Представленные примеры подтверждают достижение следующего технического результата:

- полученный ПГБ обладает свойствами, позволяющими использовать его в медицине в виде пленок и нитей, например, как шовный биоразлагаемый материал, который не требует удаления с течением времени;

- получен ПГБ с заранее заданной молекулярной массой 300-1200 кДа;

- выход ПГБ составляет 95,0-98,5% против 85% по прототипу;

- чистота ПГБ 99,5-99,95% против 99,0% по прототипу;

- продолжительность процесса сократилась с 14 часов до 8-10,5 часов по сравнению с прототипом.
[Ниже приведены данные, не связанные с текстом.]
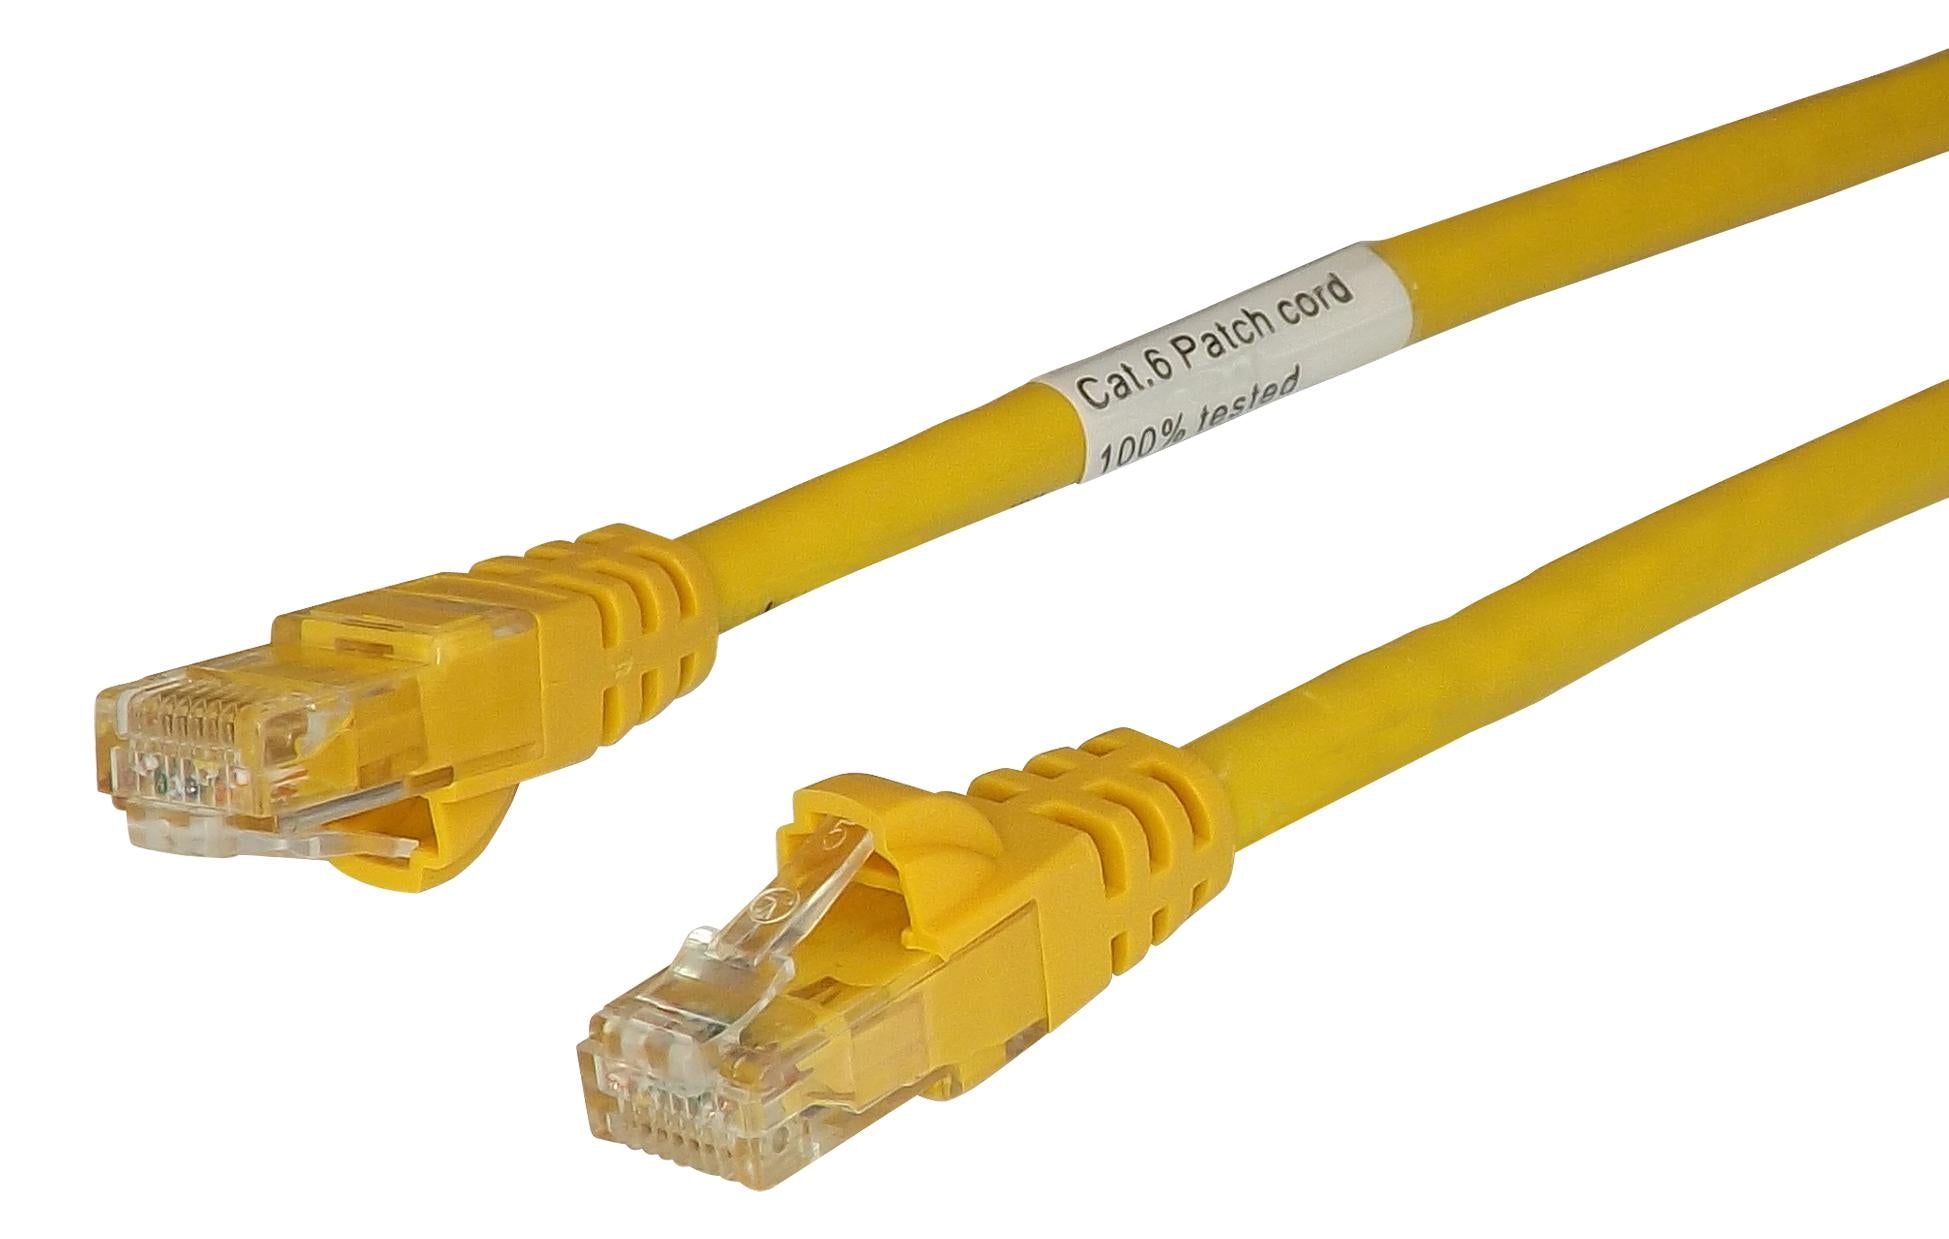 SP5YW PATCH CABLE, RJ45, CAT6, 5M, YELLOW TUK
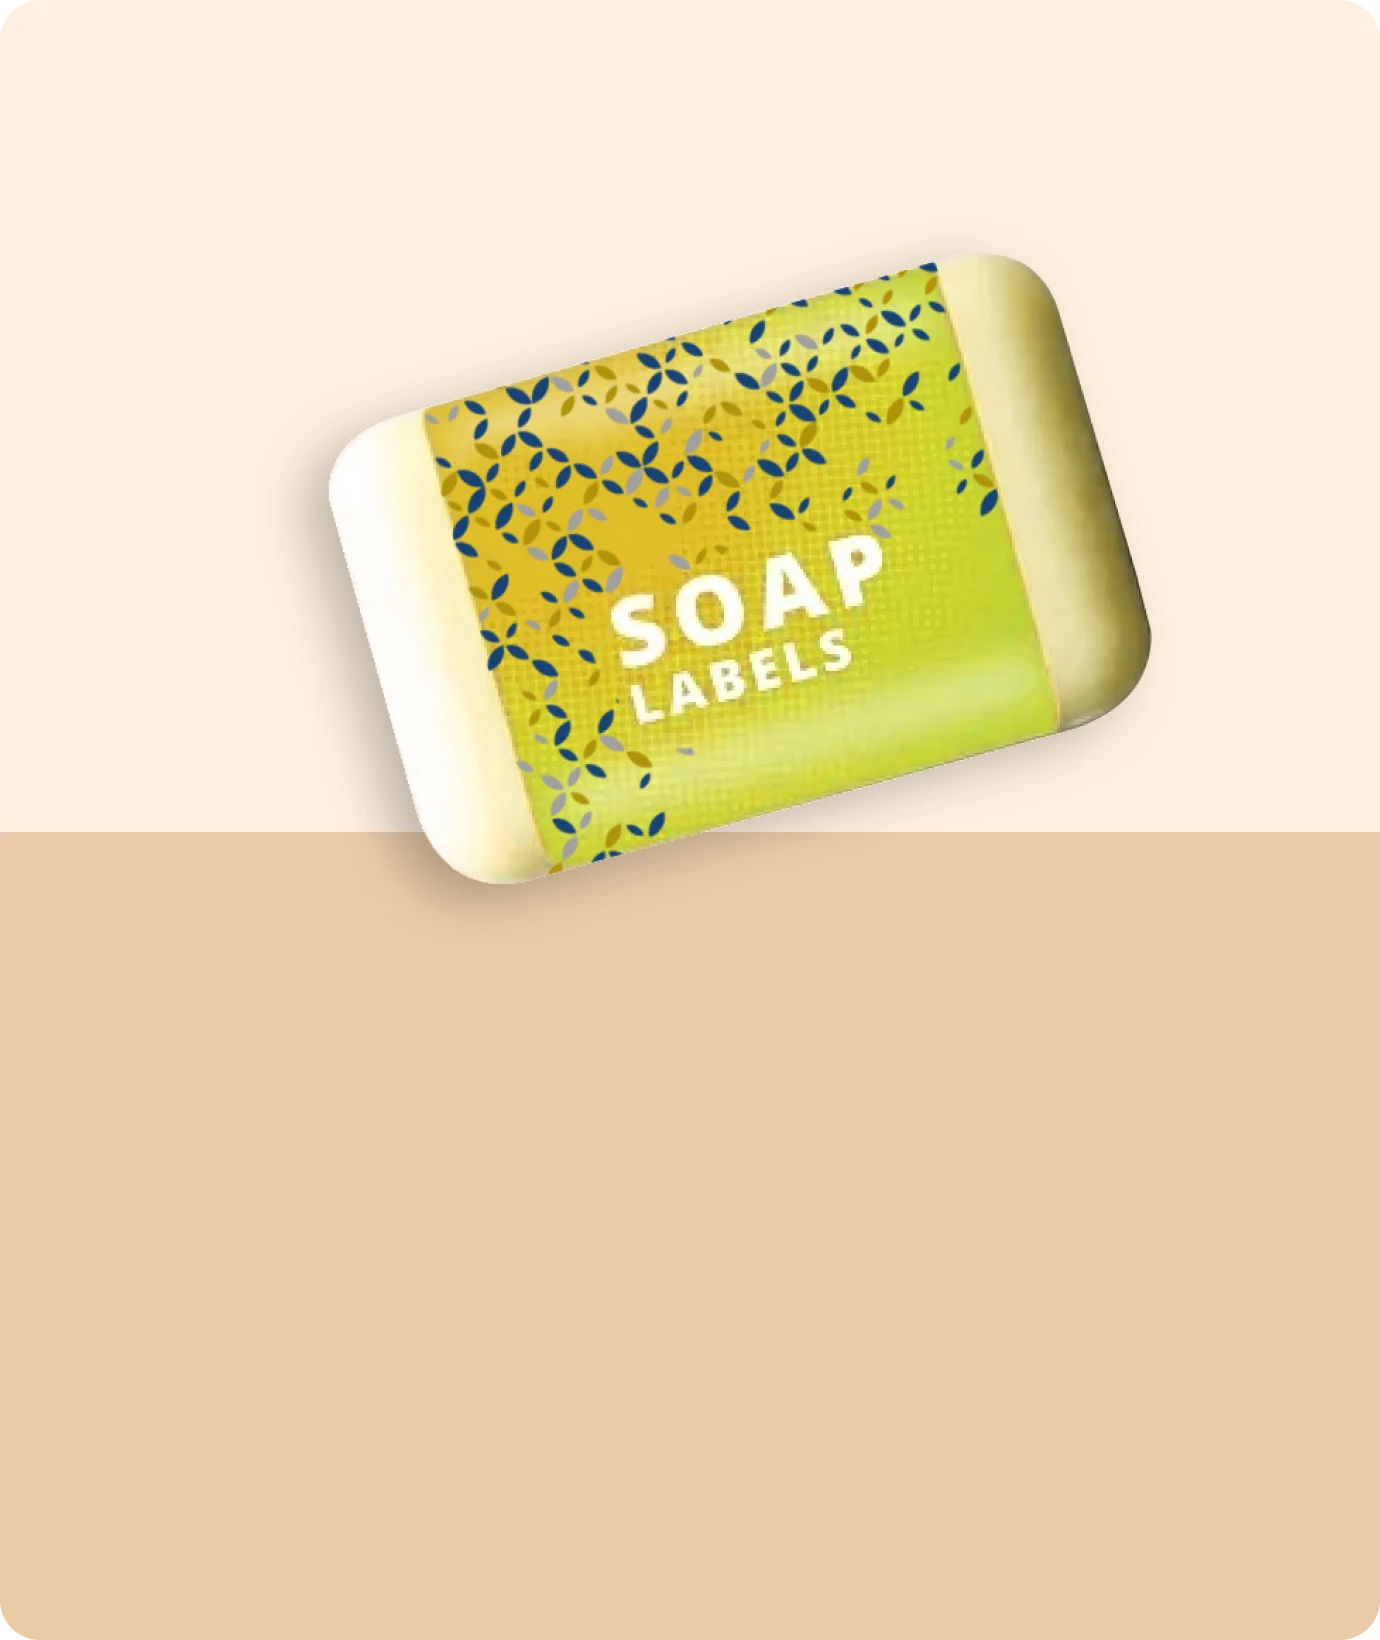 Soap Bar Labels related product image | The Box Lane

Кроме того, предлагаемая технология выделения ПГБ малоотходна, т.к. большая часть растворителей возвращается в процесс и находится в цикле.

Таблица
Характеристика исходного сырья, параметров процесса и технического результата в сравнении с прототипом
№ примера	Содержание веществ и результаты анализа сухой биомассы, мас.%				Температура экстракции, °С	Концентр. ПГБ в хлороформе, %	Скорость подачи раствора ПГБ, л/ч	Продолжит. процесса, ч	Выход целевого ПГБ, %	Содержание ПГБ в конечном продукте, %	Молек. масса ПГБ, кДа
	ПГБ		азот	зола
1	2		3	4	5	6	7	8	9	10	11
В соответствии с изобретением
1	70	1,66		13	38	0,5	1,3	8,0	98,5	99,95	300
2	50	3,4		24	38	0,37	1,1	9,0	96,0	99,5	370
3	75	1,3		11	38	0,53	1,2	10,0	97,0	99,6	680
4	70	1,2		15	35	0,45	1,5	9,5	98,0	99,85	500
5	56	3,5		20	37	0,42	1,8	9,0	96,8	99,7	700
6	72	1,48		10	35	0,52	2,0	9,0	97,0	99,5	430
7	54	3,1		25	40	0,38	1,1	10,0	97,5	99,7	450
8	52	3,3		23	30	0,35	1,1	10,5	96,0	99,6	560
9	65	2,12		16	40	0,47	2,0	8,5	96,5	99,9	380
10	50	3,5		25	38	0,3	3,0	8,0	95,0	99,7	1100
11	75	1,2		10,0	38	0,55	1,1	10,0	97,0	99,5	600
12	67	2,0		14,8	40	0,48	1,0	10,5	95,5	99,65	1000
13	60	2,6		19	38	0,43	3,0	8,5	97,0	99,8	1200
14	71	3,2		19	37	0,46	1,1	9,5	97,5	99,6	500
15	55	2,5		20	40	0,4	2,1	9,9	96,0	99,8	1000
16	68	1,5		12	36	0,5	1,5	10,0	97,8	99,9	350
Для сравнения
17	49	3,6		25,6	29	0,28	0,9	11,0	90,0	99,2	1200
18	76	1,1		9,4	41	0,57	3,1	12,0	93,0	99,5	1000
Прототип
19	72	1,3		10	80	-	50	14	85	99,0	600

При этом полученный технический результат не является очевидным. Казалось бы, логичнее при осаждении ПГБ из раствора, поскольку в реакторе находится раствор ПГБ в хлороформе, подавать туда осадитель - изопропиловый спирт. Однако обнаружилось, что при таком порядке ведения процесса увеличивается время осаждения полимера из раствора, снижается чистота продукта; при обратном же порядке введения реагентов, т.е. при равномерном добавлении раствора ПГБ в хлороформе в изопропиловый спирт с определенной скоростью, удается получить продукт улучшенного качества при ускорении процесса.